▶ What is required
Leave the images aside and copy out the whole listing, exact to the word.

▶ Collected material
____________________
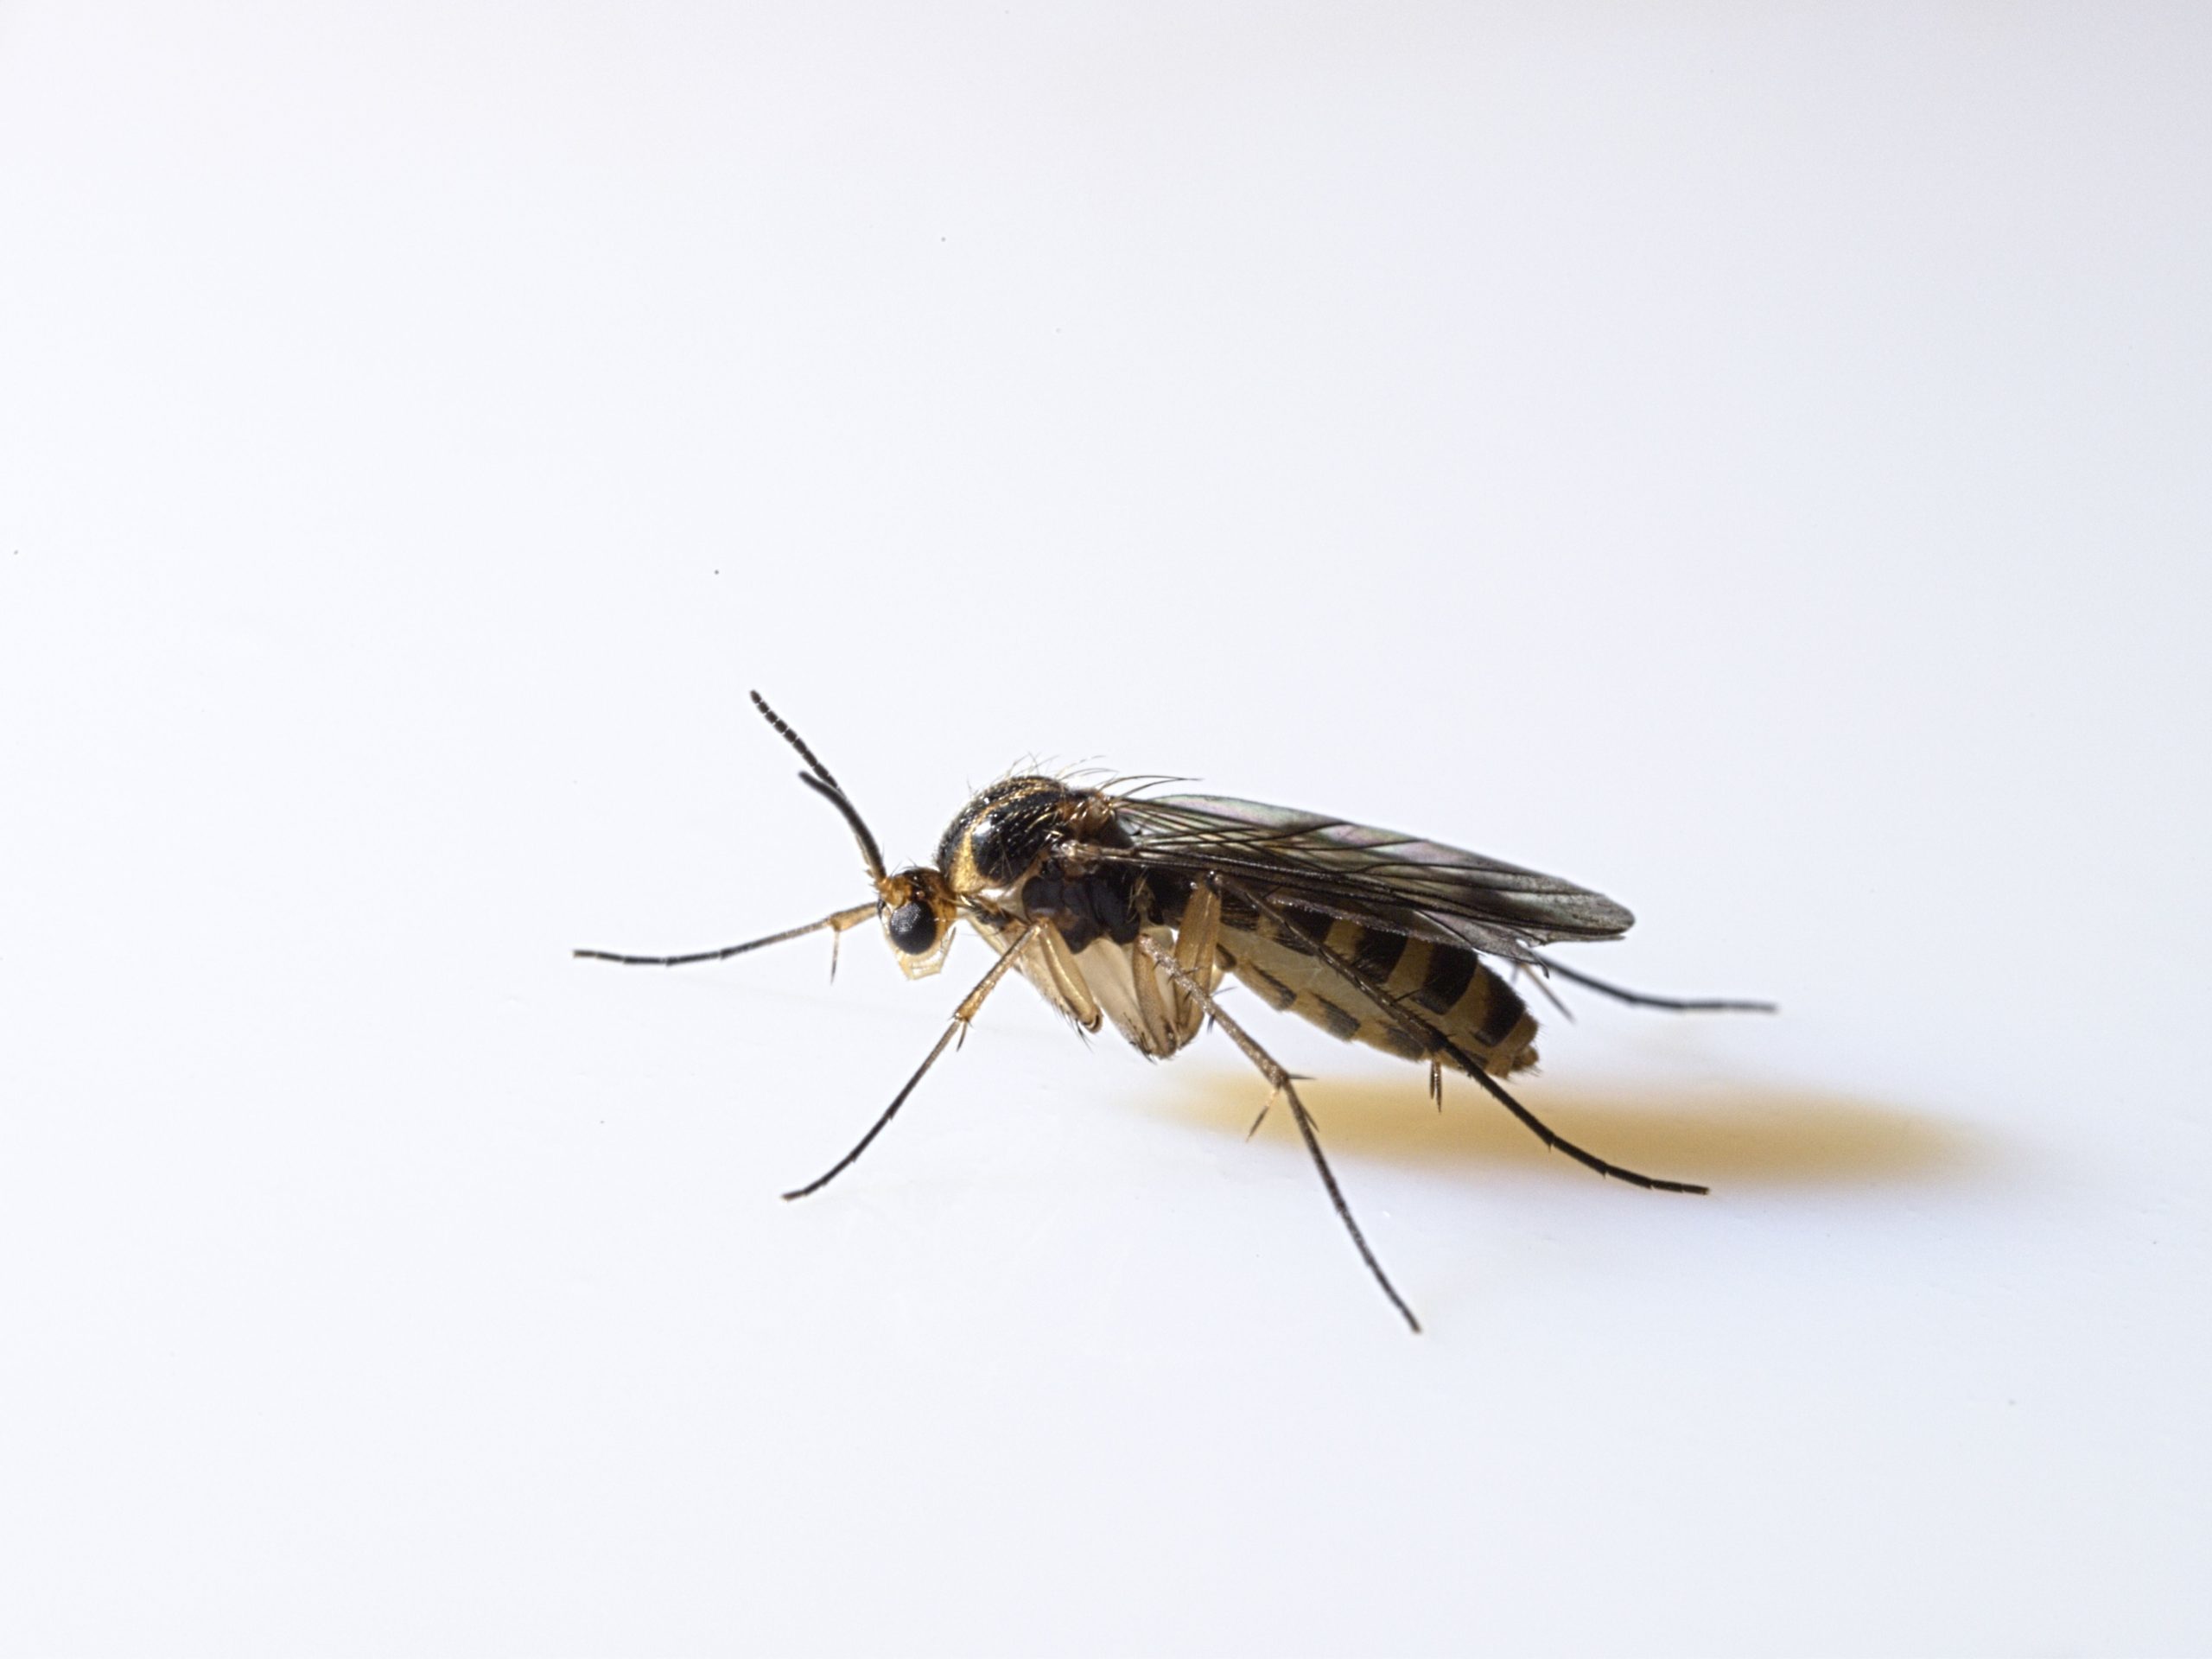 Fungus gnats - How to identify and get rid of (2022)
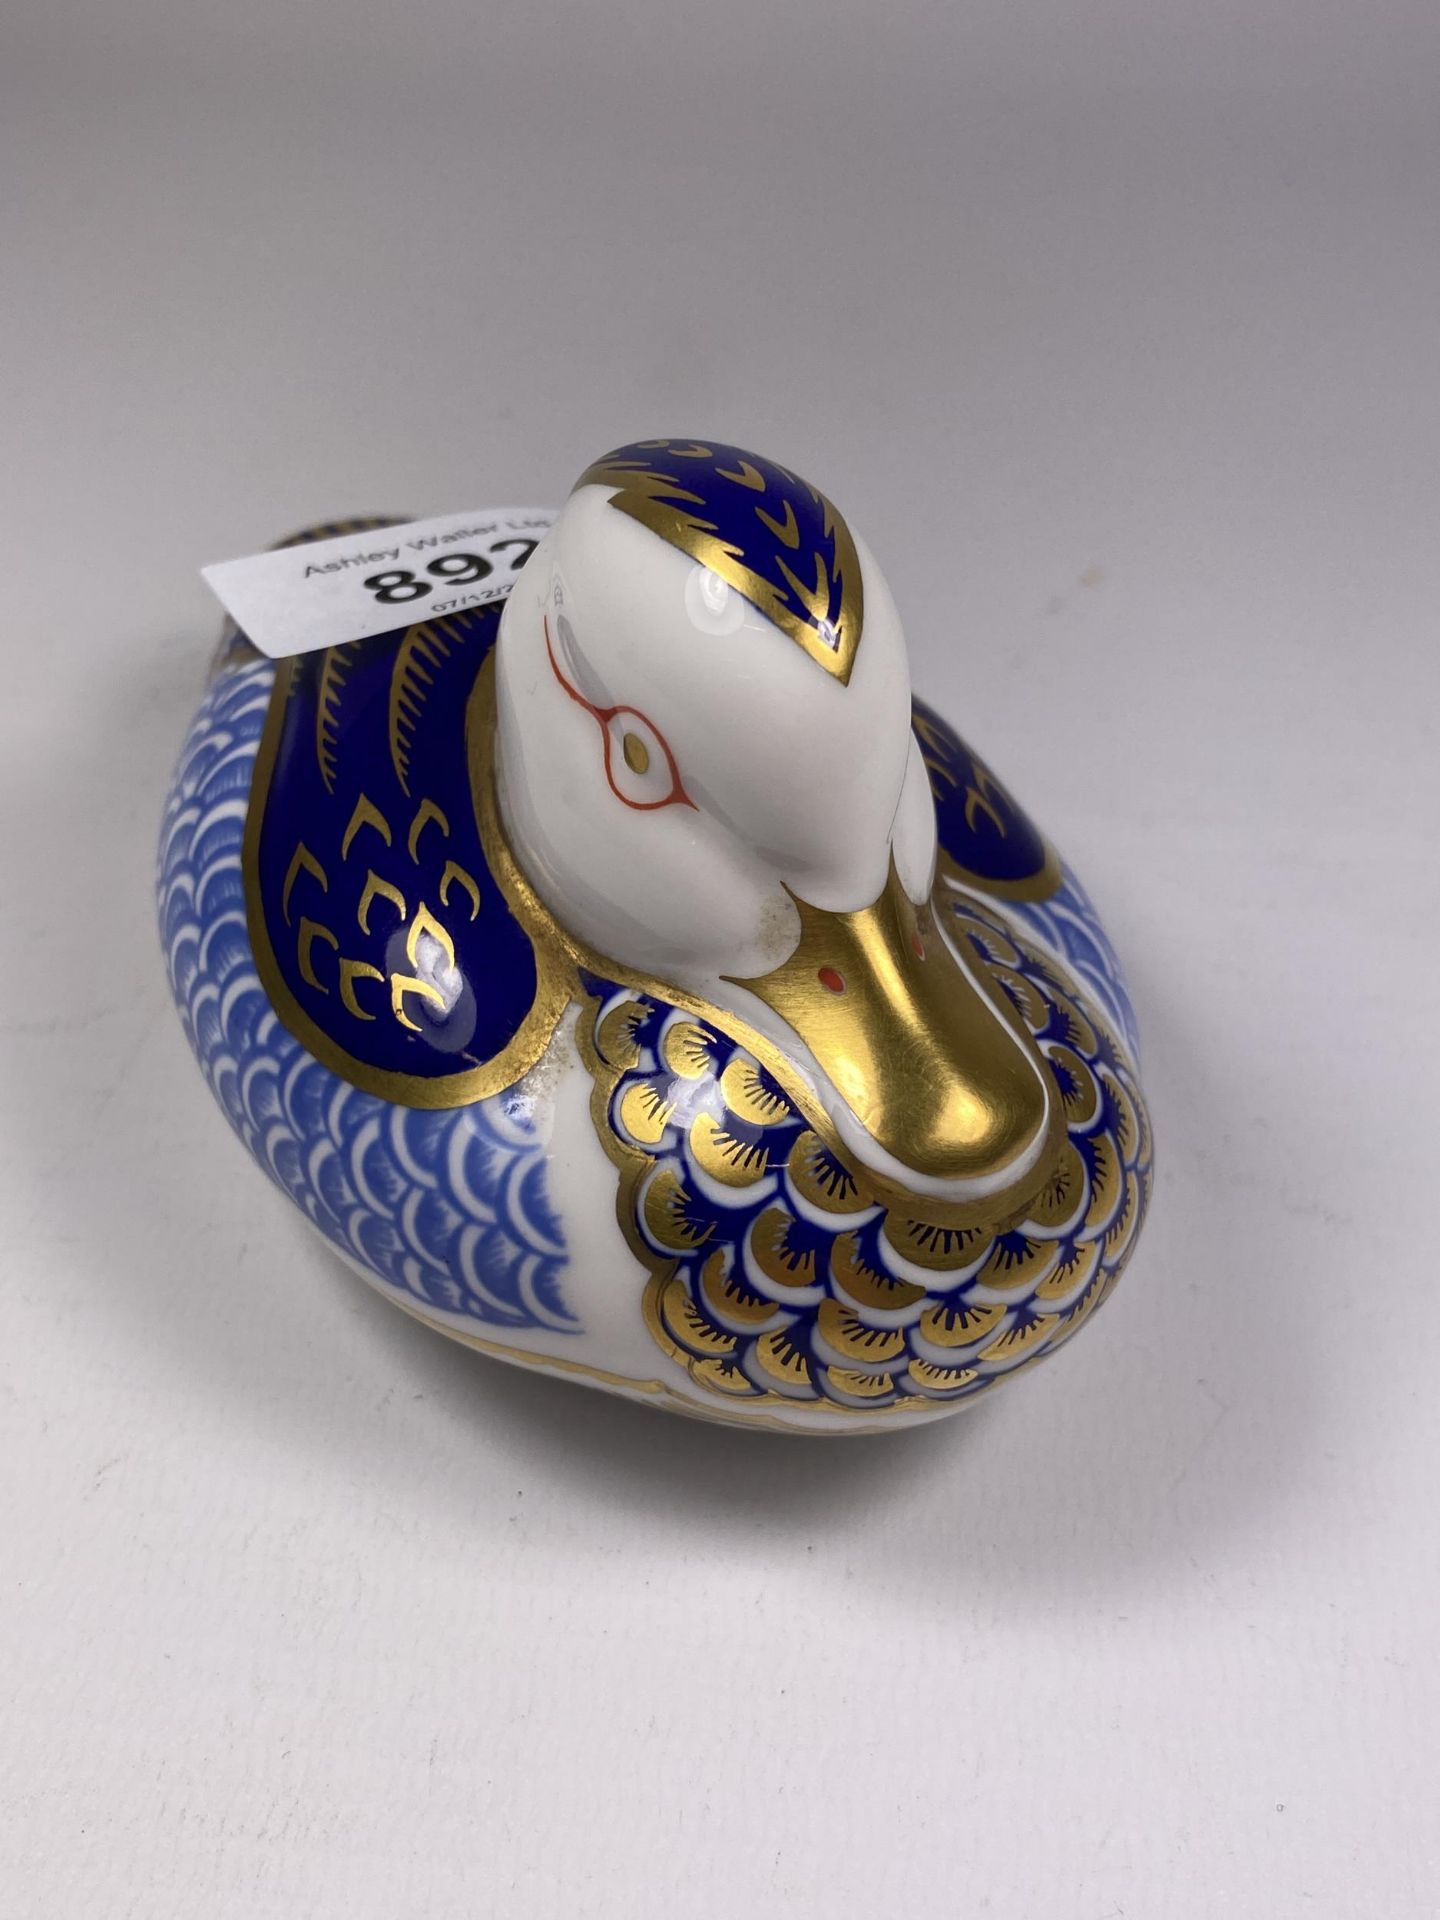 A ROYAL CROWN DERBY DUCK PAPERWEIGHT (NO STOPPER)
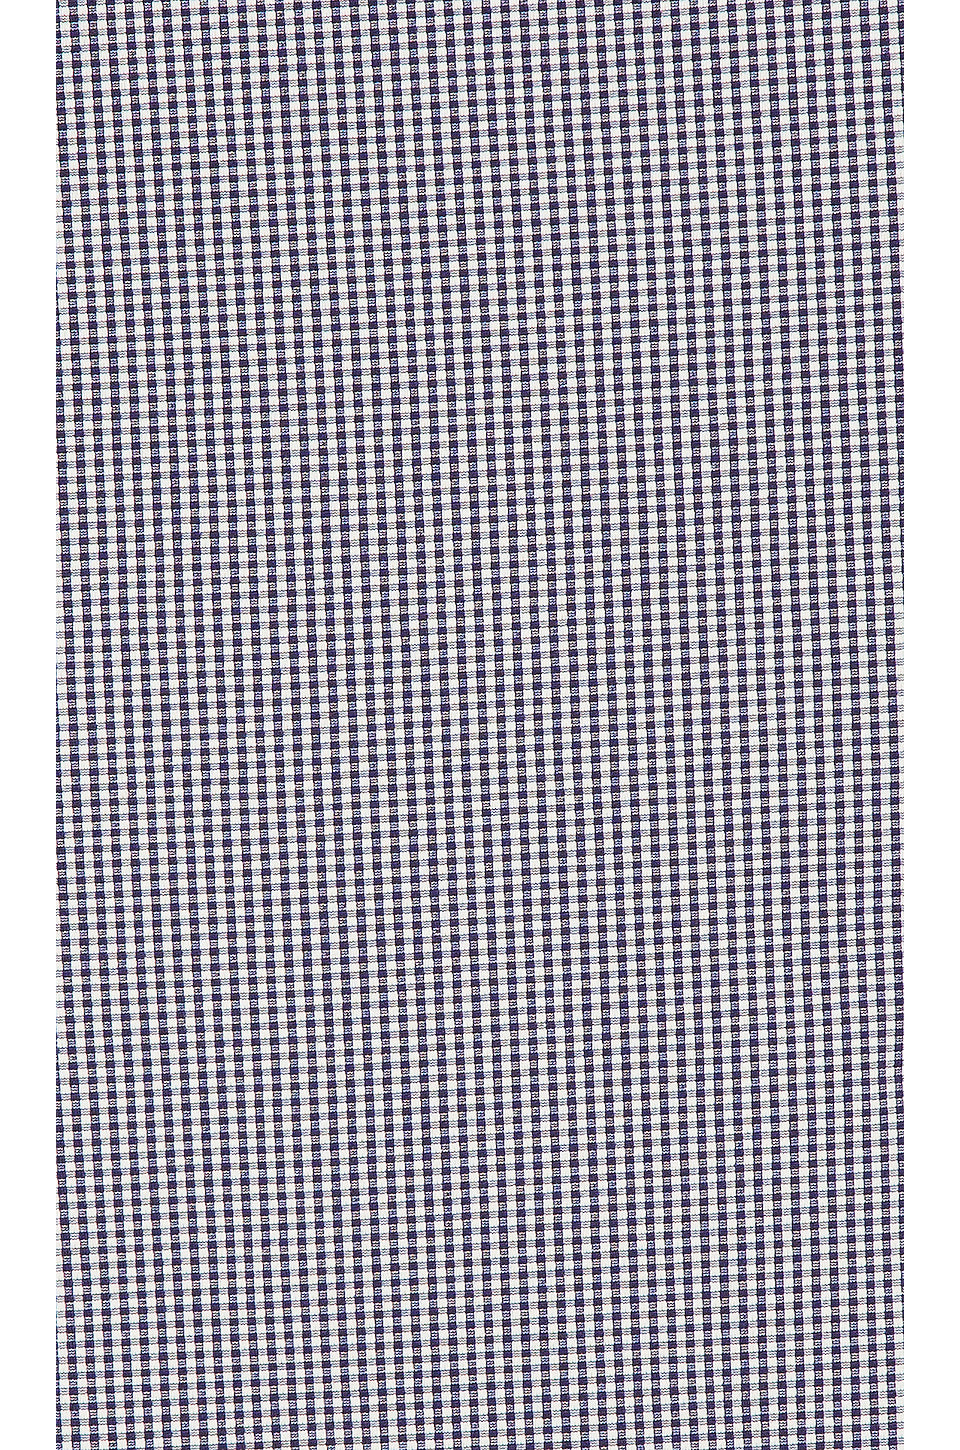 The Cacey Top in NAVY GINGHAM
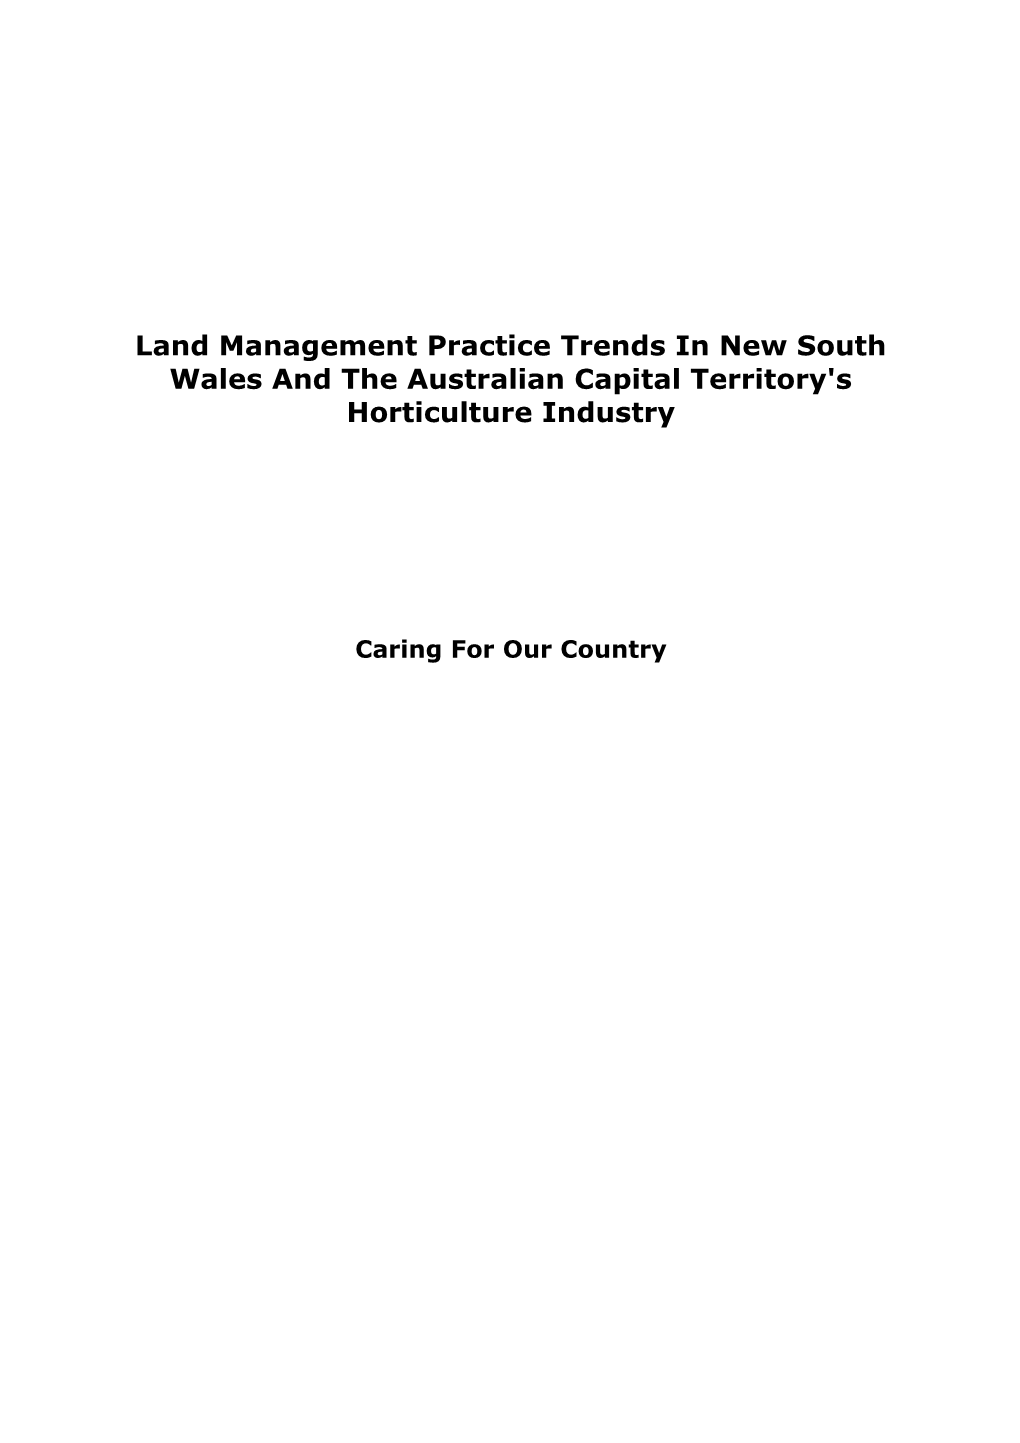 Land Management Practice Trends in New South Wales and the Australian Capital Territory's
____________________
▶ Exercise result
 Fungus gnats - How to identify and get rid of (2022)
 A ROYAL CROWN DERBY DUCK PAPERWEIGHT (NO STOPPER)
 The Cacey Top in NAVY GINGHAM
 Land Management Practice Trends in New South Wales and the Australian Capital Territory's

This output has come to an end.